FEMA NDI
In exercise of the powers conferred under Section 46(2) (aa) and (ab) of the Foreign Exchange Management Act, 1999 and in supersession of the Foreign Exchange Management (Transfer of Issue of Security by a Person Resident outside India) Regulations, 2017 and the Foreign Exchange Management (Acquisition and Transfer of Immovable Property in India) Regulations, 2018, the Central Government issued Foreign Exchange Management (Non Debt Instruments) Rules, 2019
The legal framework for the administration of foreign exchange transactions containing Non debt instruments in India is provided by the of FEM(Non-debt Instruments) Rules, 2019
Recent amendment creating hurdles
The amendment to the Indian Foreign Exchange Management (Non-debt Instruments) Rules, 2019 (“FEMA NDI”), has posed a significant challenge for Indian companies, especially start-ups and smaller enterprises seeking foreign investments.
This amendment stipulates that any investments in Indian companies, whether direct or indirect, originating from entities located in countries that share land borders with India, or where the “beneficial owner” of the said Indian investment is situated in, or is a citizen of any of these Neighbouring Countries would necessitate prior government approval (“PN3 Requirement”).
While the aim of the amendment which was promulgated during the COVID-19 pandemic was salutary — i.e., to curb opportunistic takeovers or acquisitions of Indian companies by Neighbouring Countries during difficult times created by a black swan event — it created vast incertitude as the term ‘beneficial owner’ has not been explained or defined, and other laws that have a definition of the term are context-specific.
When the PN3 requirement was first introduced, the industry in general was comfortable taking a lenient view, relying on the beneficial ownership thresholds that were legislated in other laws.
But since the latter half of 2023, the Reserve Bank of India (RBI) has begun taking a more conservative view concerning issues on which the law was silent, especially under FEMA NDI.
The obstacle of navigating the prior government approval route is exacerbated by its time-consuming nature and high rejection rate.
With the PN3 Requirement, the onus of compliance is on the Indian company that receives foreign investment, with the regulatory authorities having the discretion to impose fines of up to three times the investment received.
The inherent vagueness within the legislation, along with severe penalties, can cast doubts on the survivability of these companies.
Many of these startups receive investments far beyond their revenue or assets.

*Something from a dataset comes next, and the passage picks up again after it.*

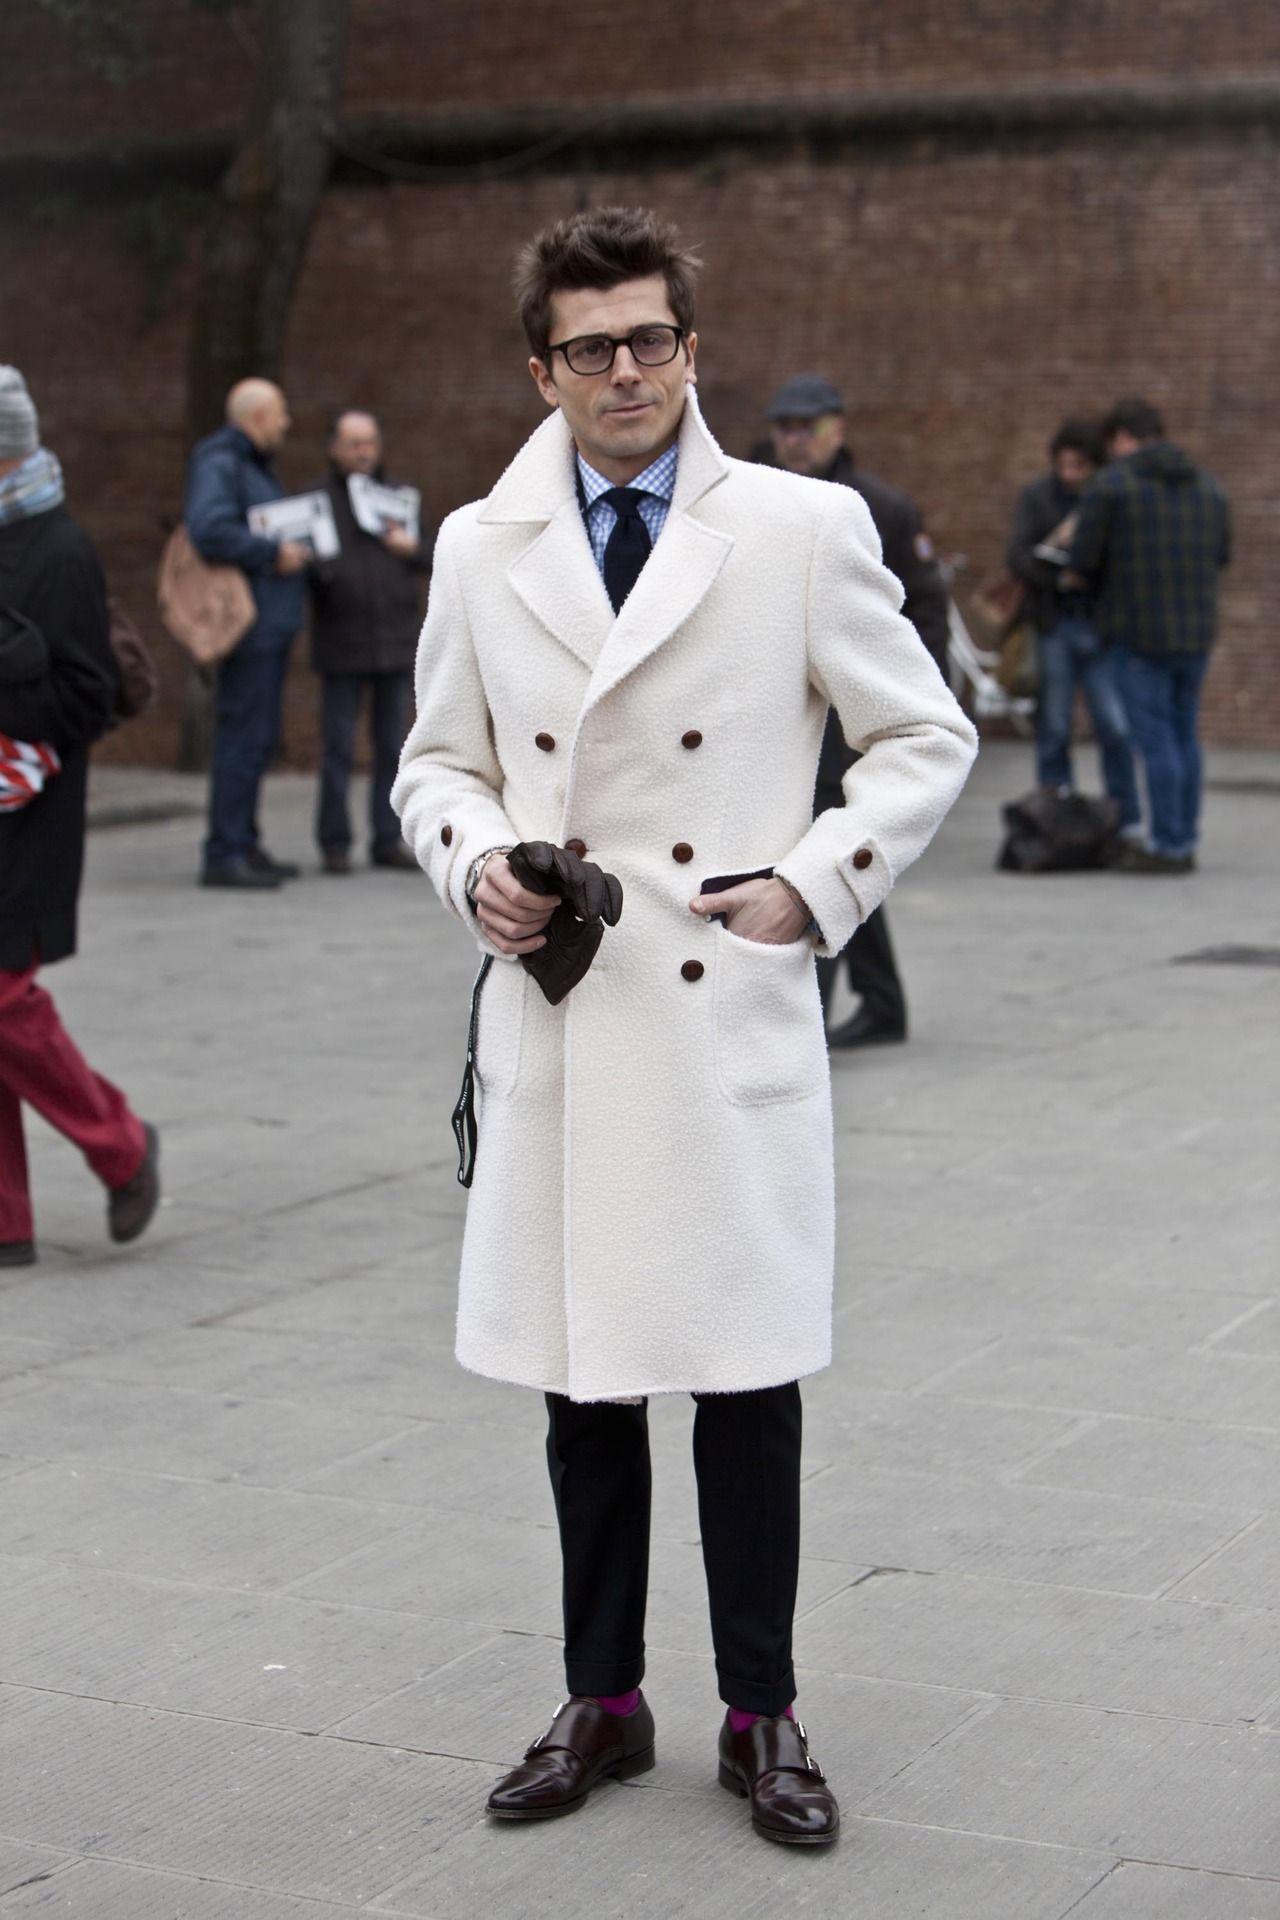 Standout jacket (especially in white) | m e n | Pinterest | Men's ...

So, such fines could leave them insolvent, even if they liquidate.
Non-compliance would likely trigger legal battles, adding to India’s already significant backlog of court cases.
Way forward
Indian companies could consider having foreign investors to furnish representations backed by indemnities regarding their compliance with the PN3 Requirement. However, this may discourage foreign investment due to potential liabilities.
Therefore, there is a pressing need to amend the PN3 Requirement to define “beneficial owners” comprehensively, including ownership thresholds and control tests
The definition of ‘beneficial owner’ should specify a precise threshold for ascertaining beneficial ownership, potentially ranging from 10% (as provided under the Indian company law) to 25% (as recommended by the Financial Action Task Force).

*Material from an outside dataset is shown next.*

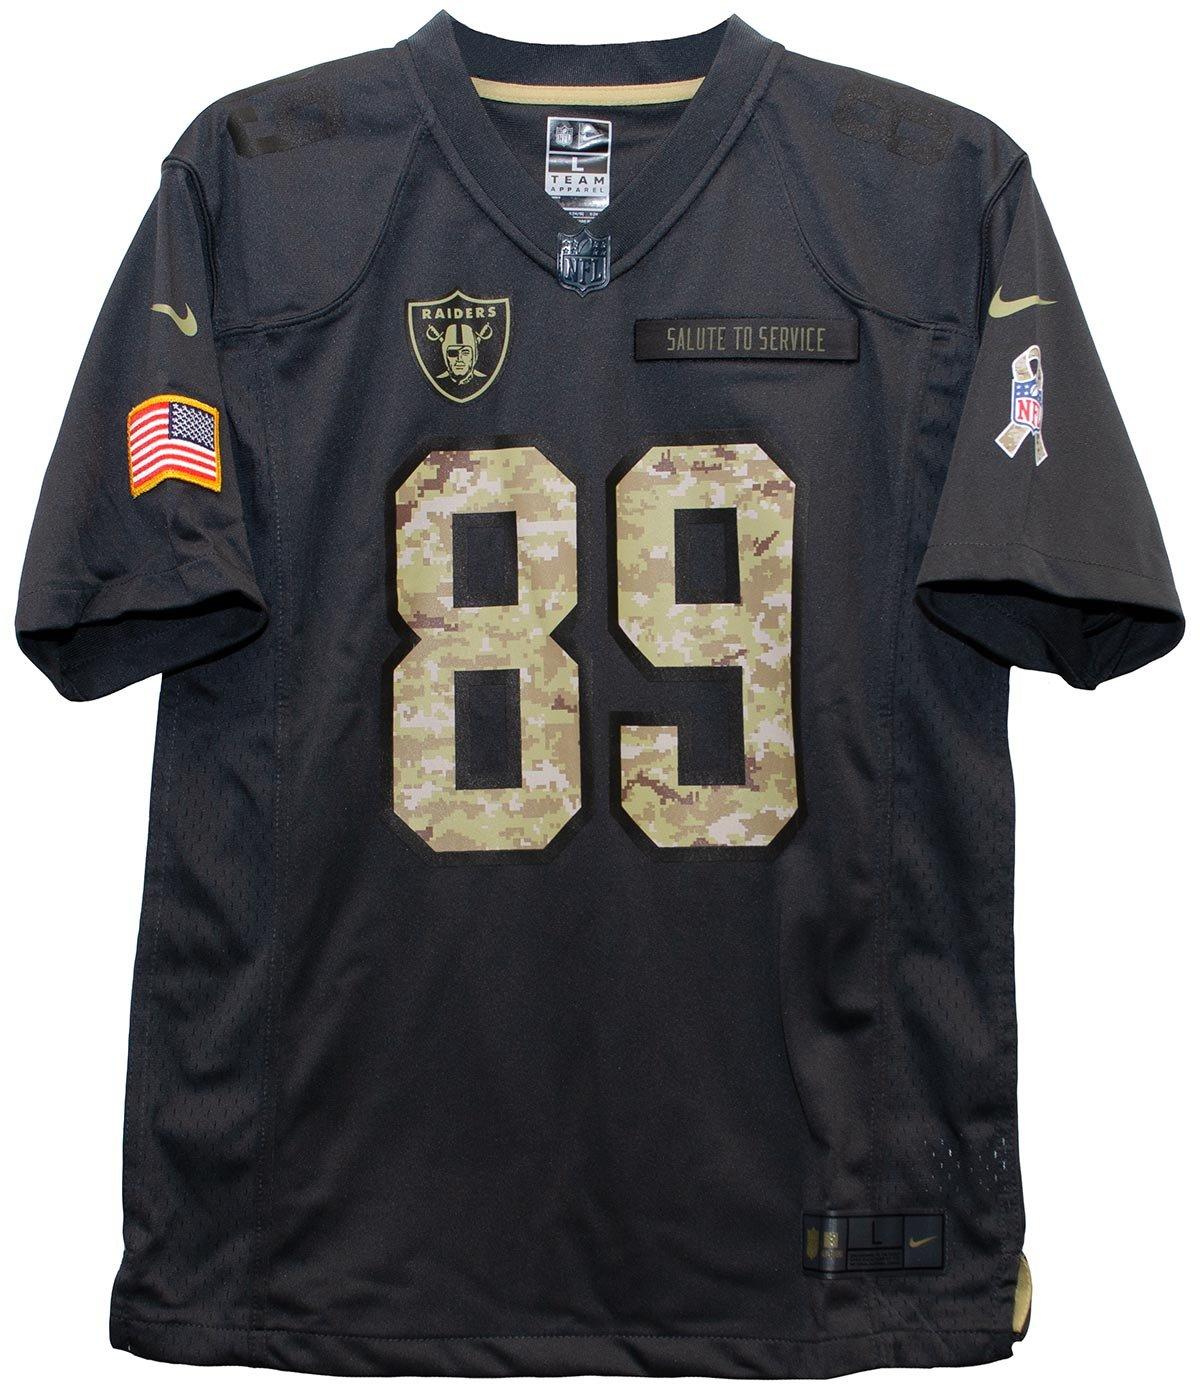 check out 23f7e 7eda9 Amazon.com : NIKE Amari Cooper Oakland Raiders Salute to ...

The selection of the specific threshold can be customised to align with the government’s objective of scrutinising varying levels of foreign investment across different sectors.
Even with the clarification of control-conferring rights in the definition, some ambiguity may persist due to the skilful drafting of peculiar clauses in the charter documents.
To mitigate this issue, FEMA NDI, akin to Indian competition law, could be amended to incorporate a time-bound consultation mechanism with regulatory authorities, to determine whether specific clauses are control-conferring.